Six decades of the FitzHugh-Nagumo model: A guide through its spatio-temporal dynamics and influence across disciplines
Daniel Cebrián-Lacasa, Pedro Parra-Rivas, Daniel Ruiz-Reynés, Lendert Gelens
TL;DR
The FitzHugh–Nagumo model provides a minimal yet powerful framework to study excitable dynamics, bridging neuroscience and wider physical and biological systems. The paper organizes the landscape into three layers: the original two-variable FHN, the diffusively coupled extension, and discretely coupled networks, each accompanied by stability and bifurcation analyses to map out fixed points, traveling waves, and pattern formation. Key contributions include analytic expressions for Hopf and saddle-node bifurcations, 1D and 2D Turing patterns, front interactions, traveling pulses, pacemaker-driven wave trains, and the emergence of chimera states in discrete networks. The work offers a practical, cross-disciplinary guide for modelers to harness FHN dynamics in complex, spatially extended systems with potential impacts on cardiac and neural modeling, pattern formation, and network theory.
Abstract
The FitzHugh-Nagumo equation, originally conceived in neuroscience during the 1960s, became a key model providing a simplified view of excitable neuron cell behavior. Its applicability, however, extends beyond neuroscience into fields like cardiac physiology, cell division, population dynamics, electronics, and other natural phenomena. In this review spanning six decades of research, we discuss the diverse spatio-temporal dynamical behaviors described by the FitzHugh-Nagumo equation.
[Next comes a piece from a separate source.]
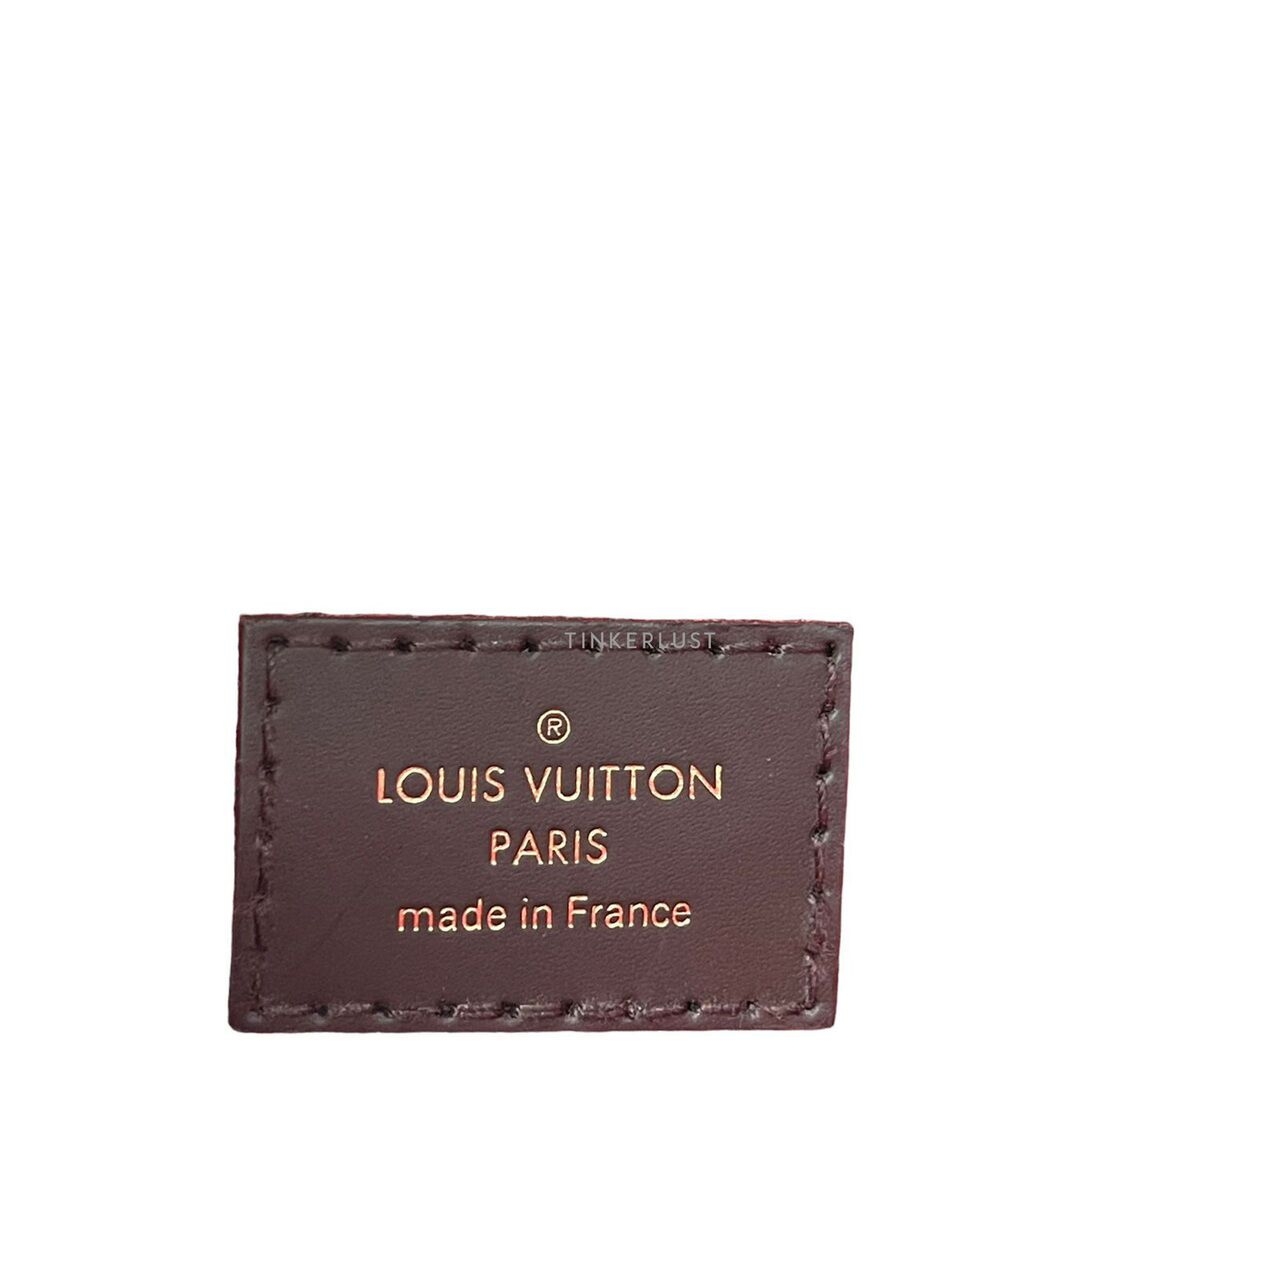 Louis Vuitton Croisette Damier Ebene 2019 Satchel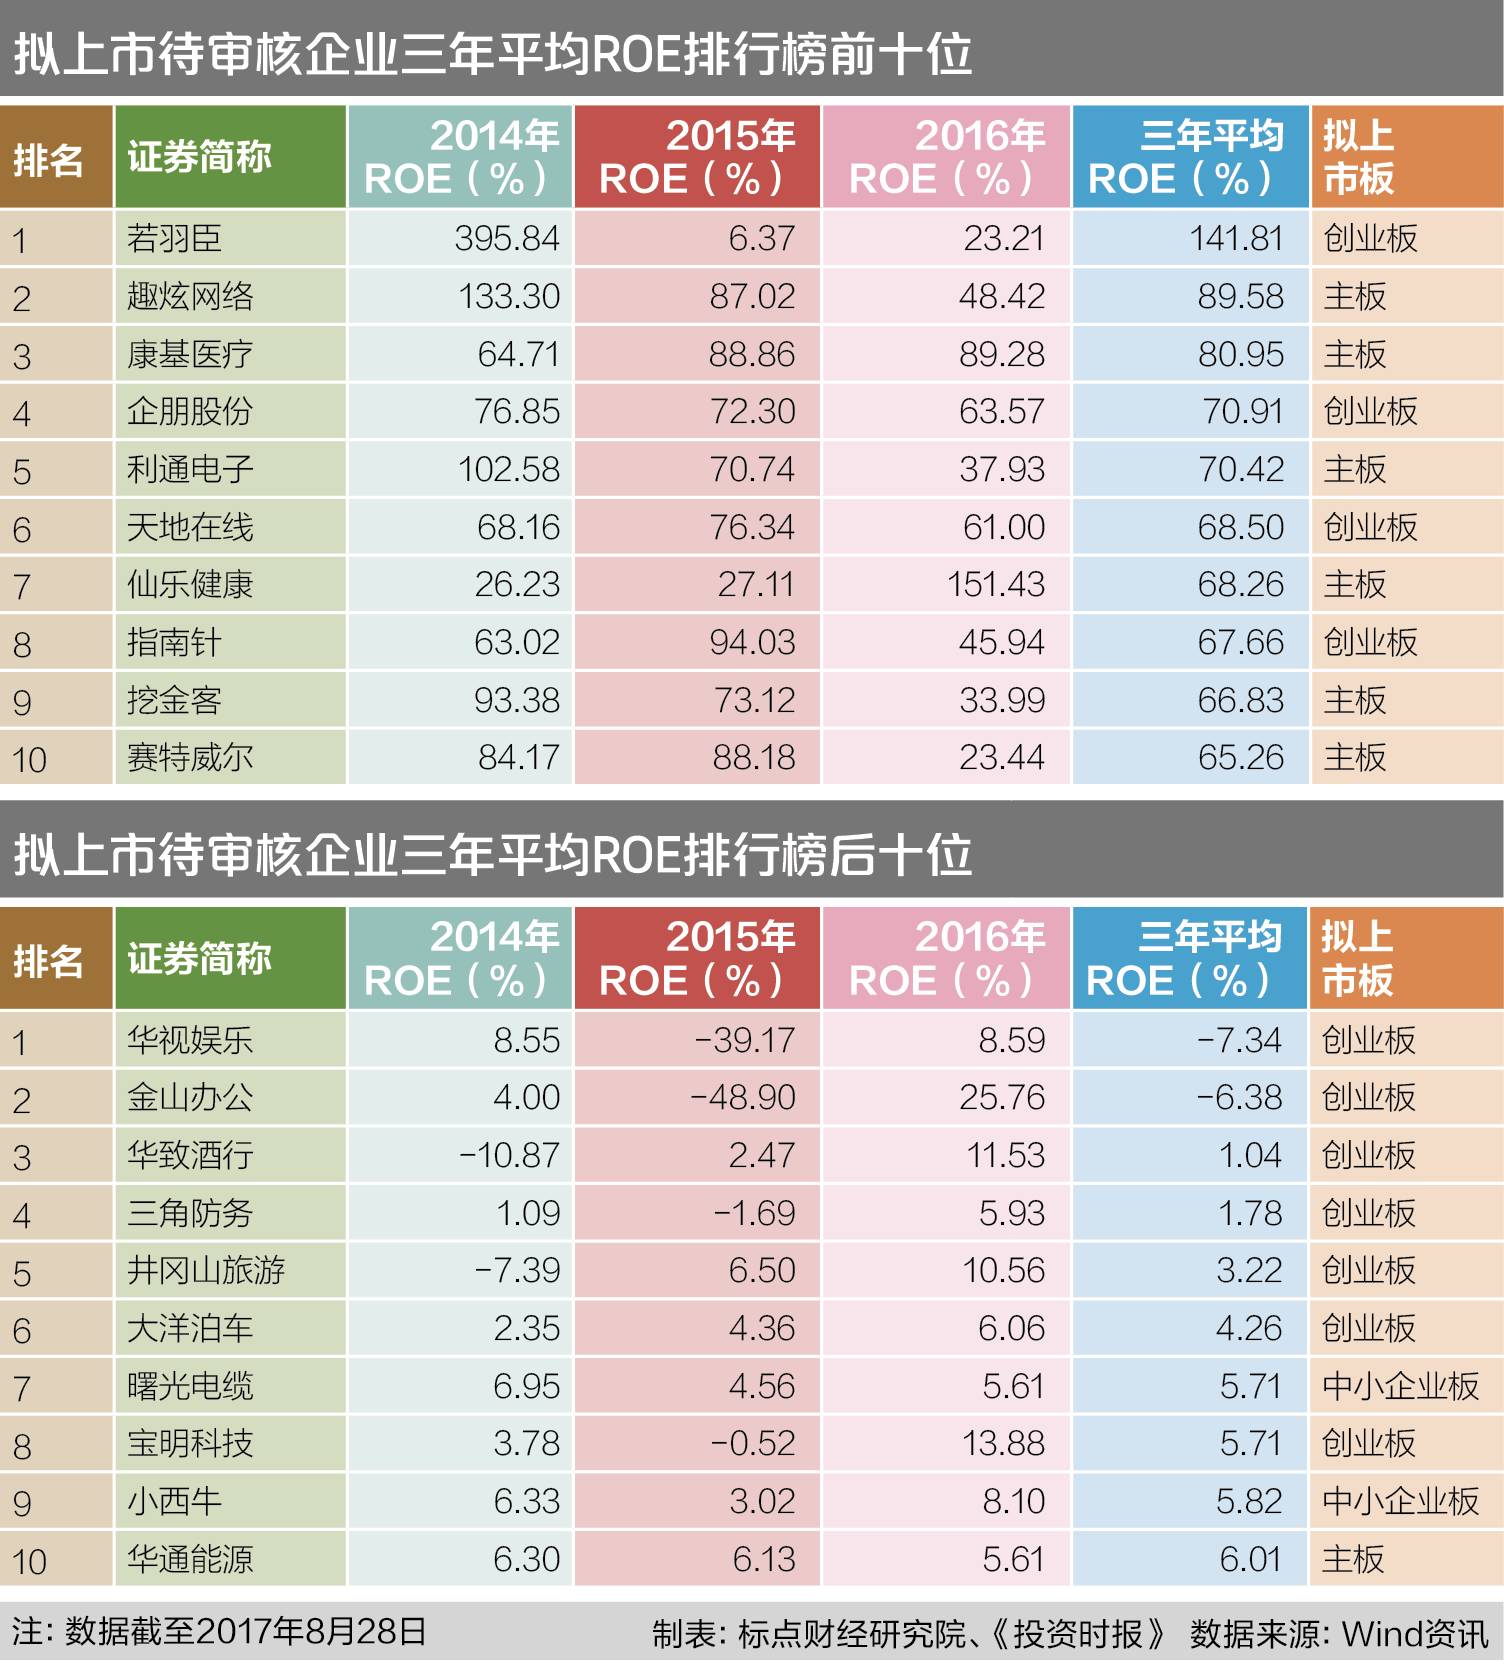 拟IPO企业盈利能力捉对比拼:苏州银行平均RO

These include dynamics like bistability, oscillations, and excitability, but it also addresses more complex phenomena such as traveling waves and extended patterns in coupled systems. The review serves as a guide for modelers aiming to utilize the strengths of the FitzHugh-Nagumo model to capture generic dynamical behavior. It not only catalogs known dynamical states and bifurcations, but also extends previous studies by providing stability and bifurcation analyses for coupled spatial systems.